[Task to complete]: Word for word, restate the listing that follows and leave out the images.

[Collected material]:
--- START ---

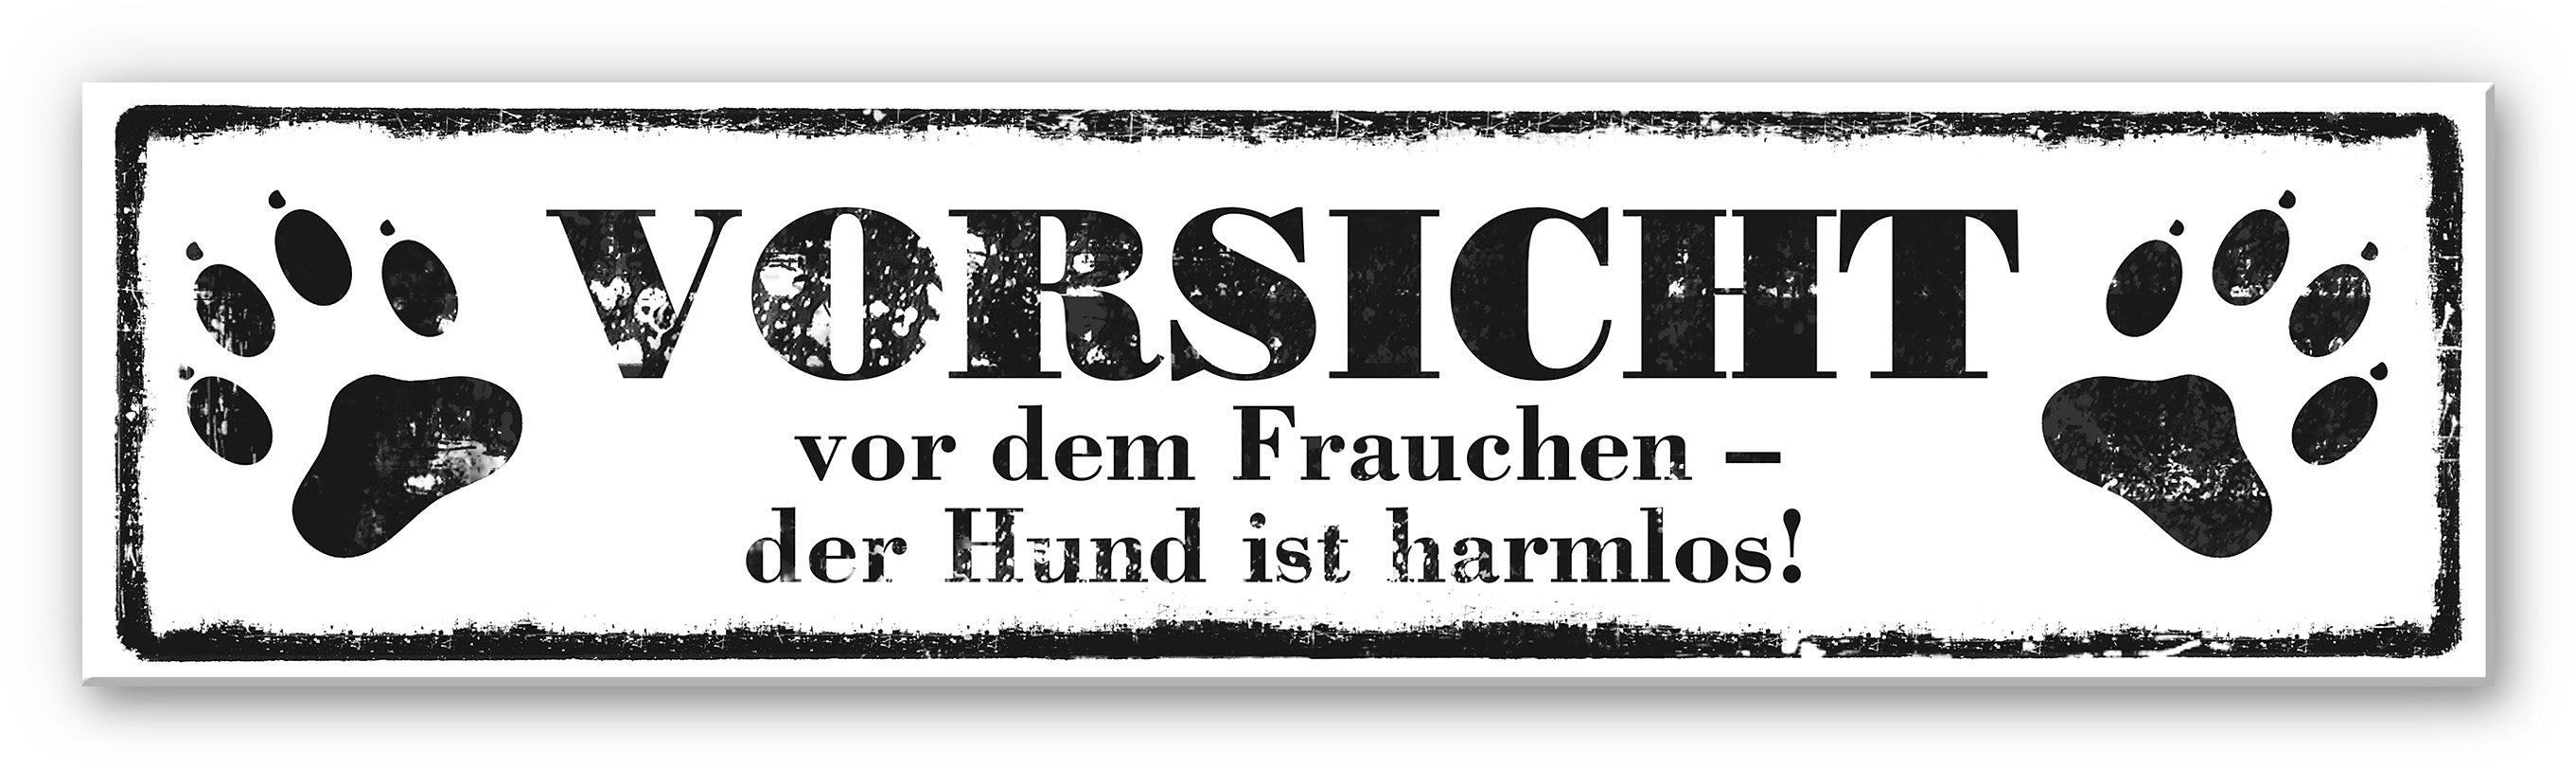 Home affaire Wandbild »Vorsicht vor dem Frauchen«, Vorsicht vor dem Frauchen
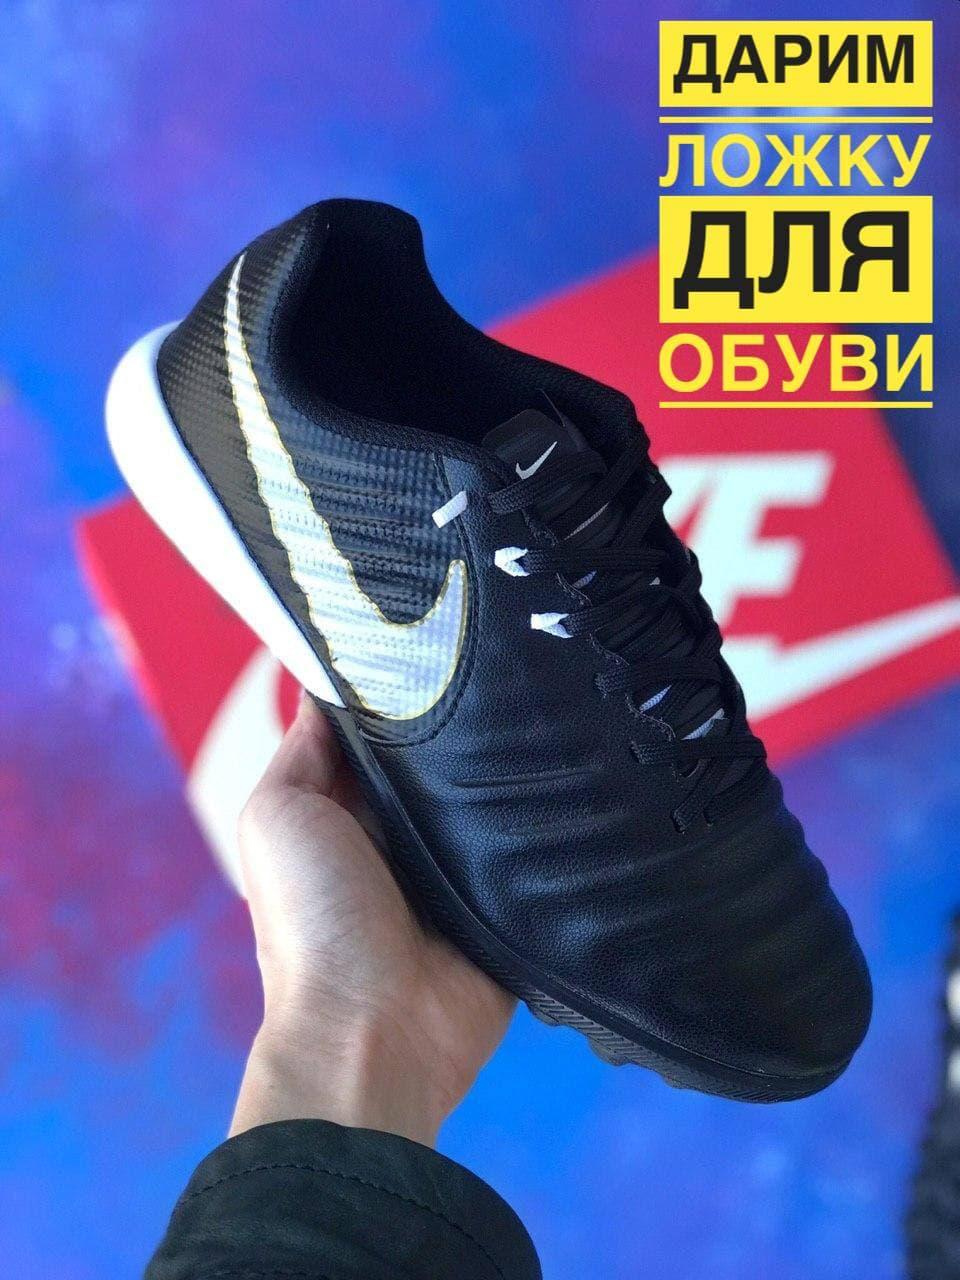 Сороконожки Nike Tiempo Ligera IV TF многошиповки найк темпо тиемпо бампы лигера
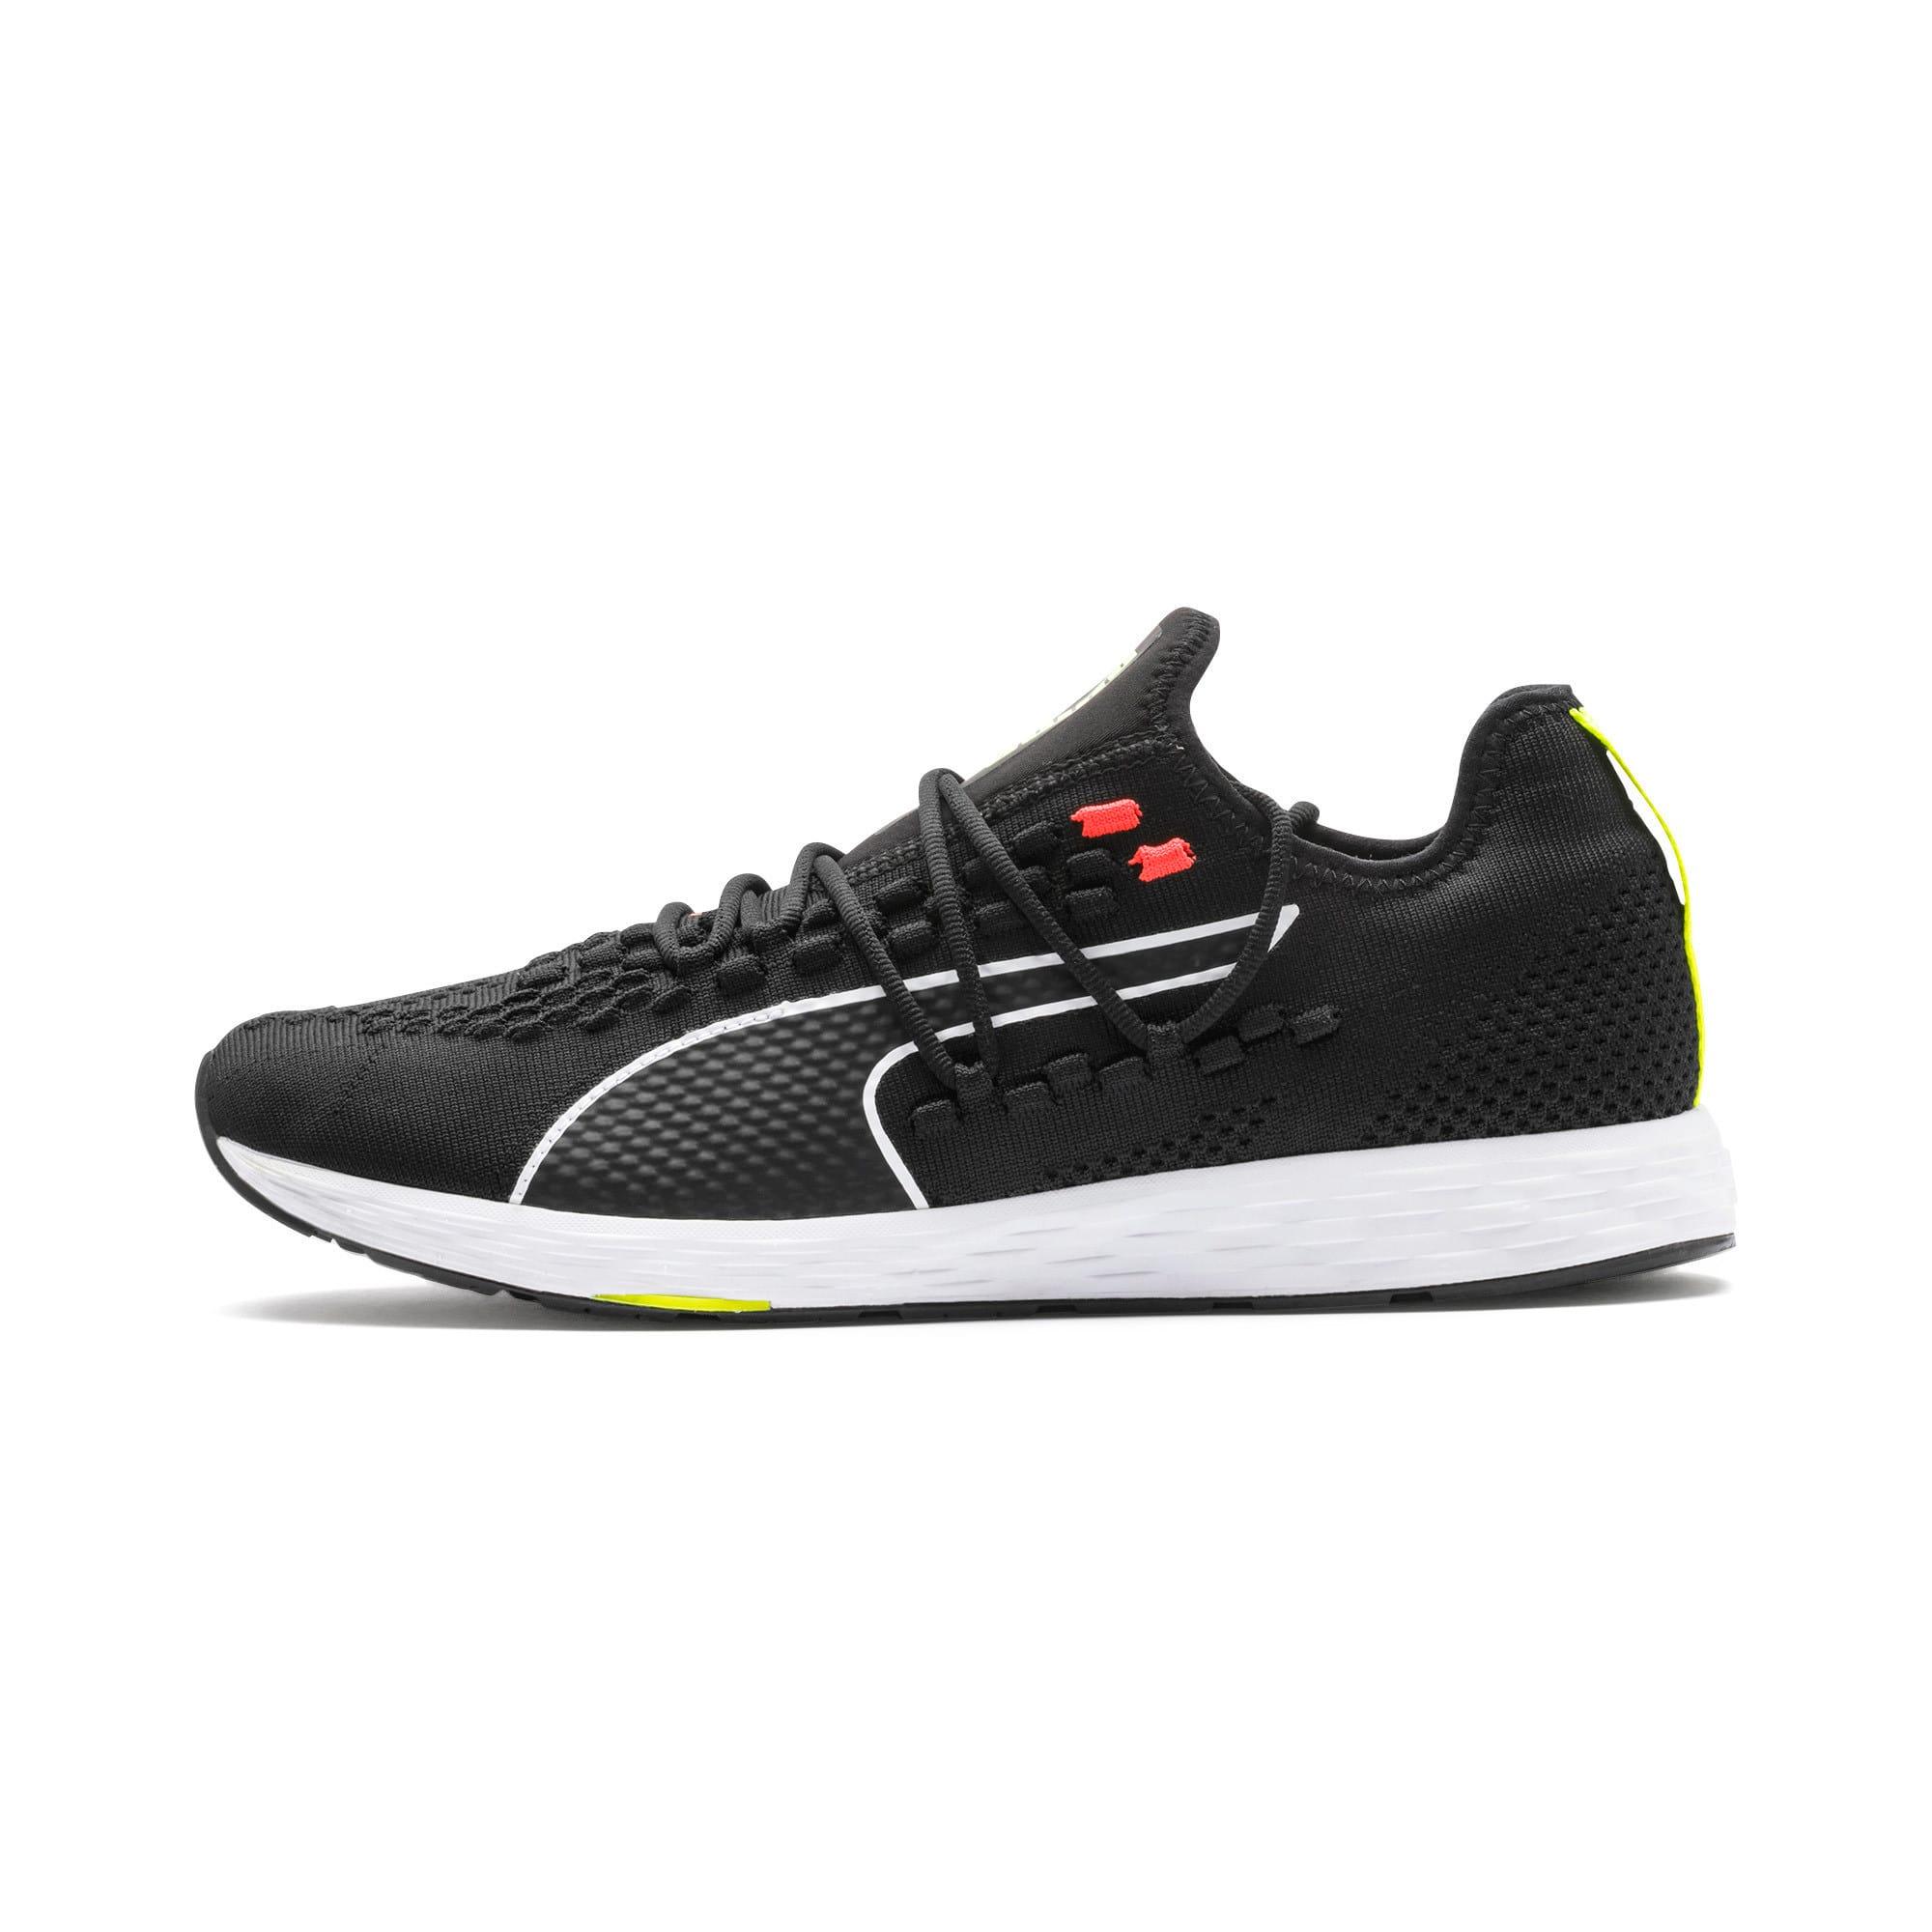 Thumbnail 1 of SPEED RACER Men's Running Shoes, Black-Nrgy Red-Yellow Alert, medium

--- END ---

[Completed exercise]:
 Home affaire Wandbild »Vorsicht vor dem Frauchen«, Vorsicht vor dem Frauchen
 Сороконожки Nike Tiempo Ligera IV TF многошиповки найк темпо тиемпо бампы лигера
 Thumbnail 1 of SPEED RACER Men's Running Shoes, Black-Nrgy Red-Yellow Alert, medium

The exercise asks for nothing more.